Plus haut, un autre pont, non moins vieux, conduisait de l’ancien château royal au parc de la Garenne, situé sur la rive droite, et dont il ne reste qu’une large allée d’arbres magnifiques, remontant jusqu’au village de Nazareth ; quelques pelouses, et des massifs de taillis garnissant le revers du plateau supérieur, livré à la culture.

Cet ancien pont, très bas, fut remplacé, pendant mon administration, par un pont moderne, d’une seule arche surbaissée, franchissant la Baïse au niveau le plus élevé qu’on put adopter, pour faire pénétrer en ville la nouvelle route venant directement d’Agen, et construit dans l’axe de la statue de Henri IV, érigée, sous la Restauration, aux frais du comte de Dijon, Député d’alors, au milieu de l’ancienne cour du château, dont une aile subsistait encore.

Voici le texte, un peu recherché, de la dédicace gravée sur le piédestal de cette statue, fort belle, du sculpteur Bosio, qui fut donné par l’Académie des Inscriptions et Belles-Lettres :

ALUMNO — MOX PATRI NOSTRO — HENRICO QUARTO.

Dans la Garenne, aujourd’hui promenade communale, on rencontre : d’abord, la fontaine, dite de Fleurette, dont l’eau délicieuse jaillit de la roche calcaire portant la colline, traverse l’allée, remplit un petit bassin rustique sis entre elle et la rivière, et se déverse dans celle-ci. Devant ce bassin, qui n’a pas un mètre de profondeur, on se demande comment Fleurette aurait pu s’y noyer. Mais, il existe, à Nérac, une chronique du temps, où l’on trouve, à sa date, cette mention laconique, mettant à néant la poétique légende qui mouilla les yeux de tant de personnes sensibles : « Aujourd’hui, est morte Fleurette, jardinière du Roi, âgée de 38 ans. » La jeune maîtresse du jeune Henri de Navarre avait-elle tenté (sans succès, on le comprend) de se noyer dans le bassin de la fontaine qui porte son nom ? Il faut le croire, pour l’honneur de la tradition ; mais, il est évident qu’elle a survécu pas mal d’années à son désespoir.
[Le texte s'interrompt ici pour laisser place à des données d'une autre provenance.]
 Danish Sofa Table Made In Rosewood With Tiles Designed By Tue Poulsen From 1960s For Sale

Les Rois s’en vont ; les légendes, aussi.

Près de cette fontaine célèbre, sont les ruines d’une chapelle catholique à l’usage de la reine Marguerite de Valois. Deux vieux arbres, voisins, auraient été plantés par elle et son royal époux.
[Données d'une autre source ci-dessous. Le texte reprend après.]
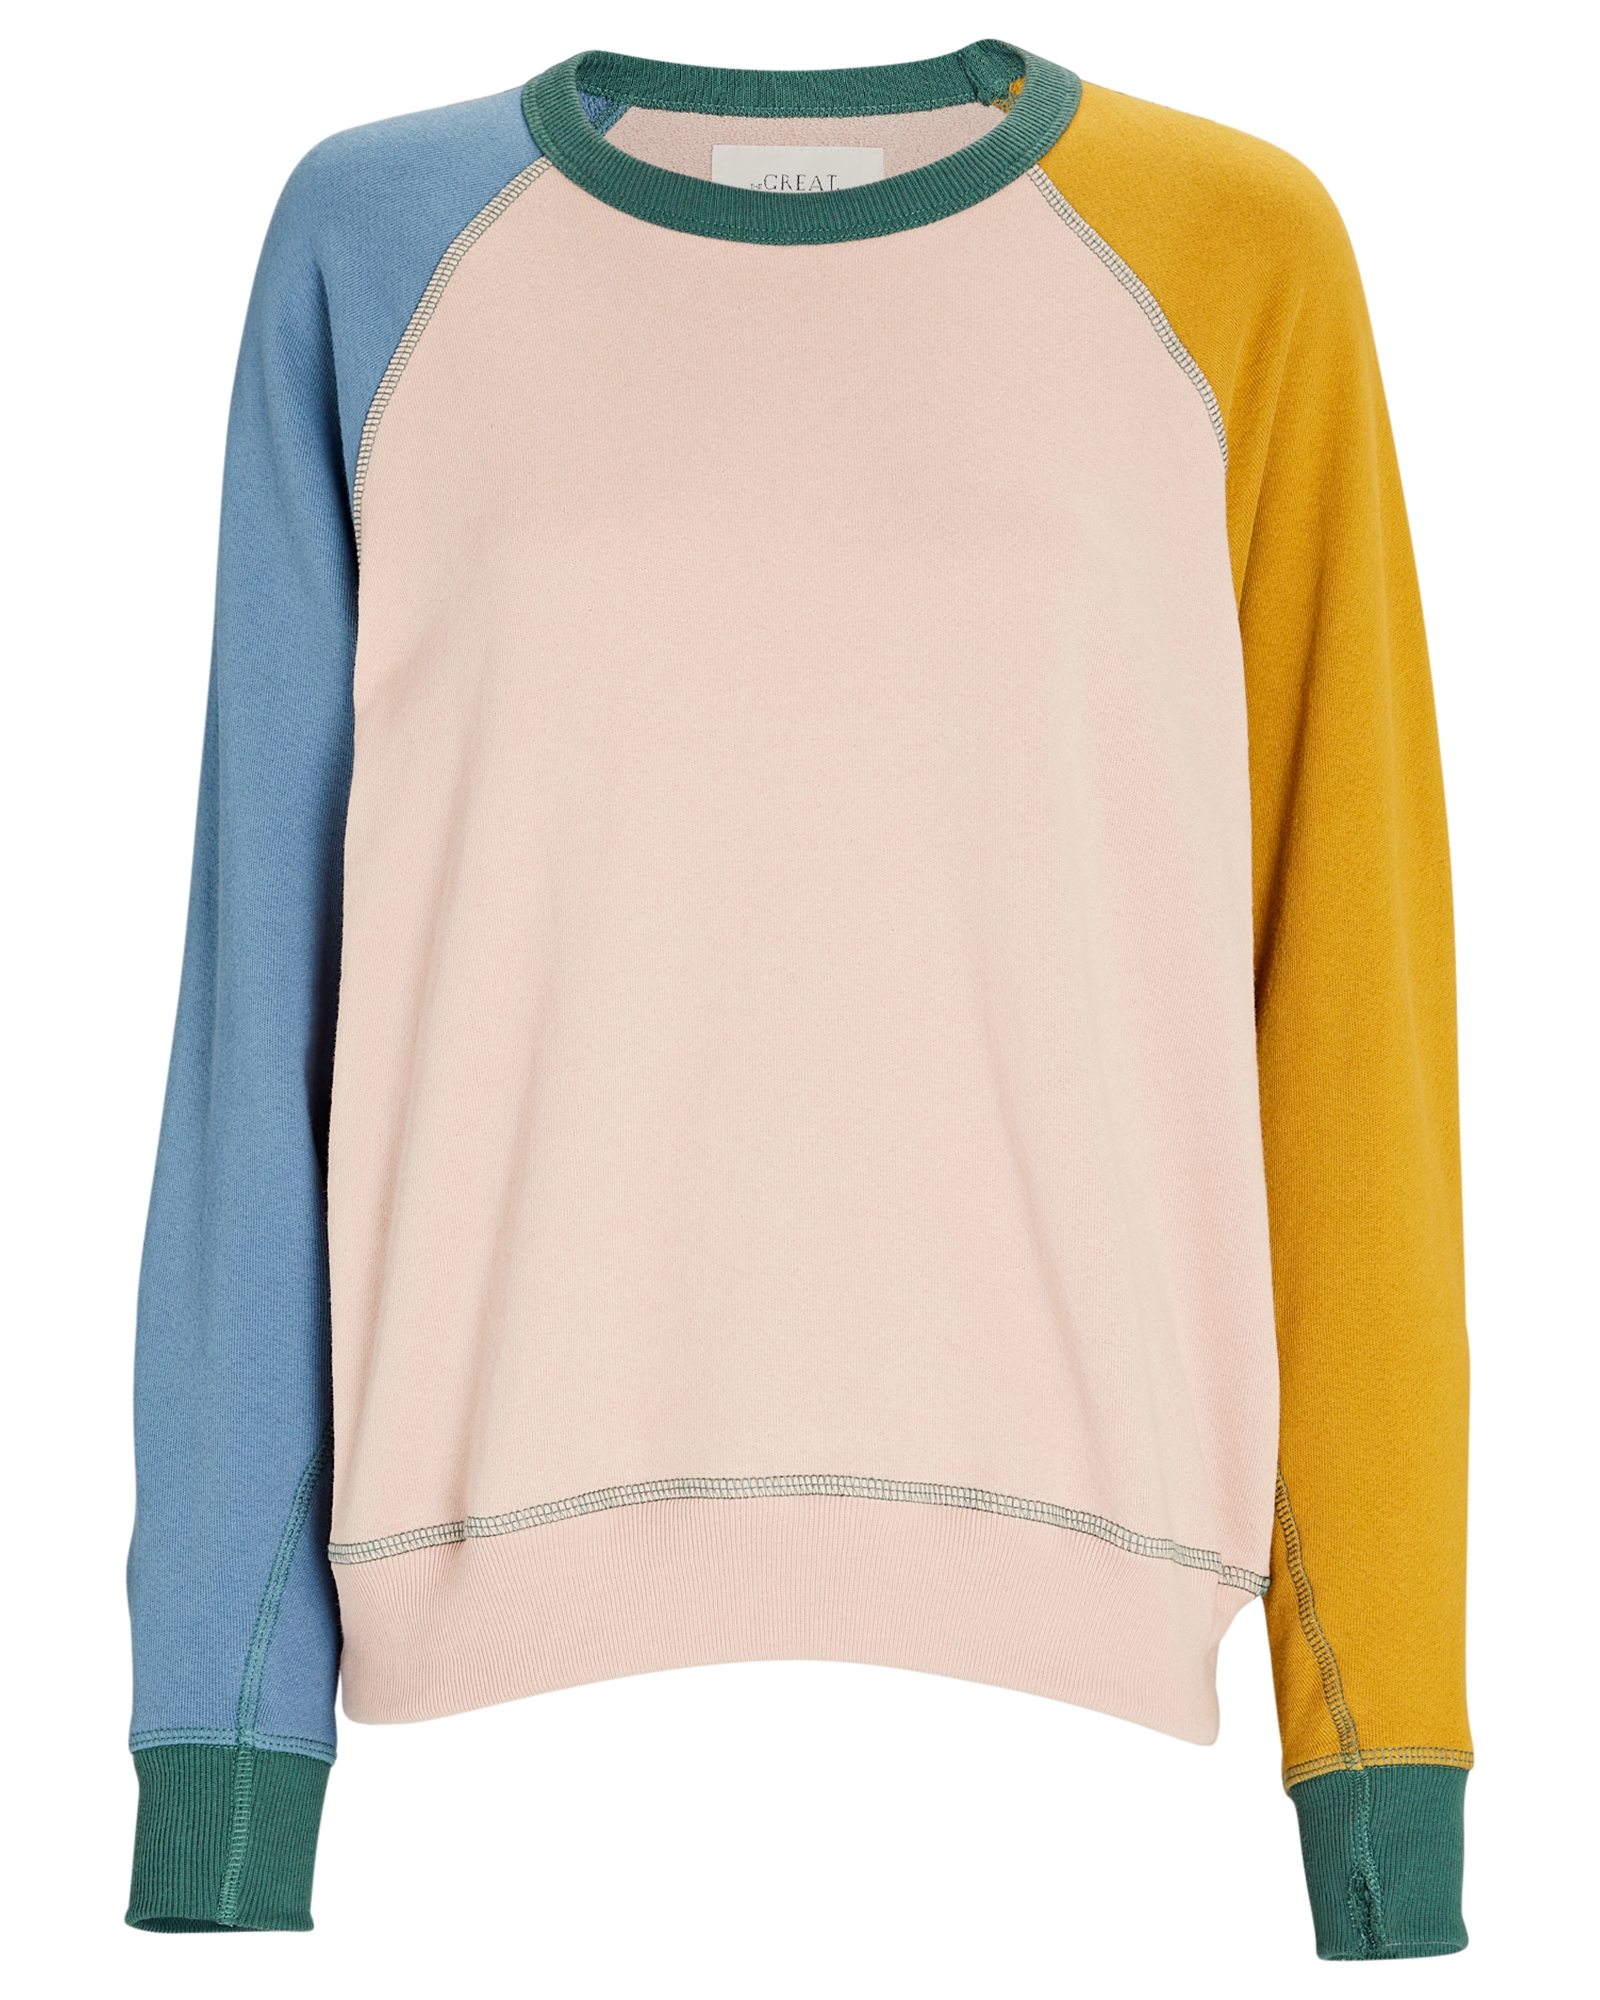 The Great The College Colorblock Sweatshirt | INTERMIX®

Plus loin, devant une assez belle pelouse, s’élève la Fontaine du Roi, construite en mémoire de la naissance du Prince qui fut Louis XIII, et alimentée par une dérivation de sources recueillies à la base du coteau.

La vallée de la Baïse abonde en sources excellentes. On en voit de magnifiques au village de Nazareth, auprès des ruines d’une commanderie de Templiers.

Elle est bordée, d’ailleurs, d’anciens châteaux auxquels se rattachent des souvenirs historiques. Je me borne à citer, au-dessous de Nérac, celui du Bournac, qui relevait de la famille du sire Hector de Galard, un des Valets de Gascogne, et celui de Séguinot, demeure du fameux La Hire, le compagnon d’armes de Jeanne d’Arc, sous Charles VII, dont nos fabricants de cartes ont fait le Valet de Cœur.

Sur une colline élevée, bordant la rive gauche de la Baïse, au-dessus de Lavardac, d’où l’on jouit d’une vue magnifique sur la plaine de la Garonne et les coteaux qui la limitent au nord, se dresse le vieux château de Poton de Xaintrailles, Maréchal de France sous Charles VII, ami et frère d’armes de La Hire, appartenant alors, par une suite de nobles héritages, au Député de Nérac, M. le marquis de Lusignan.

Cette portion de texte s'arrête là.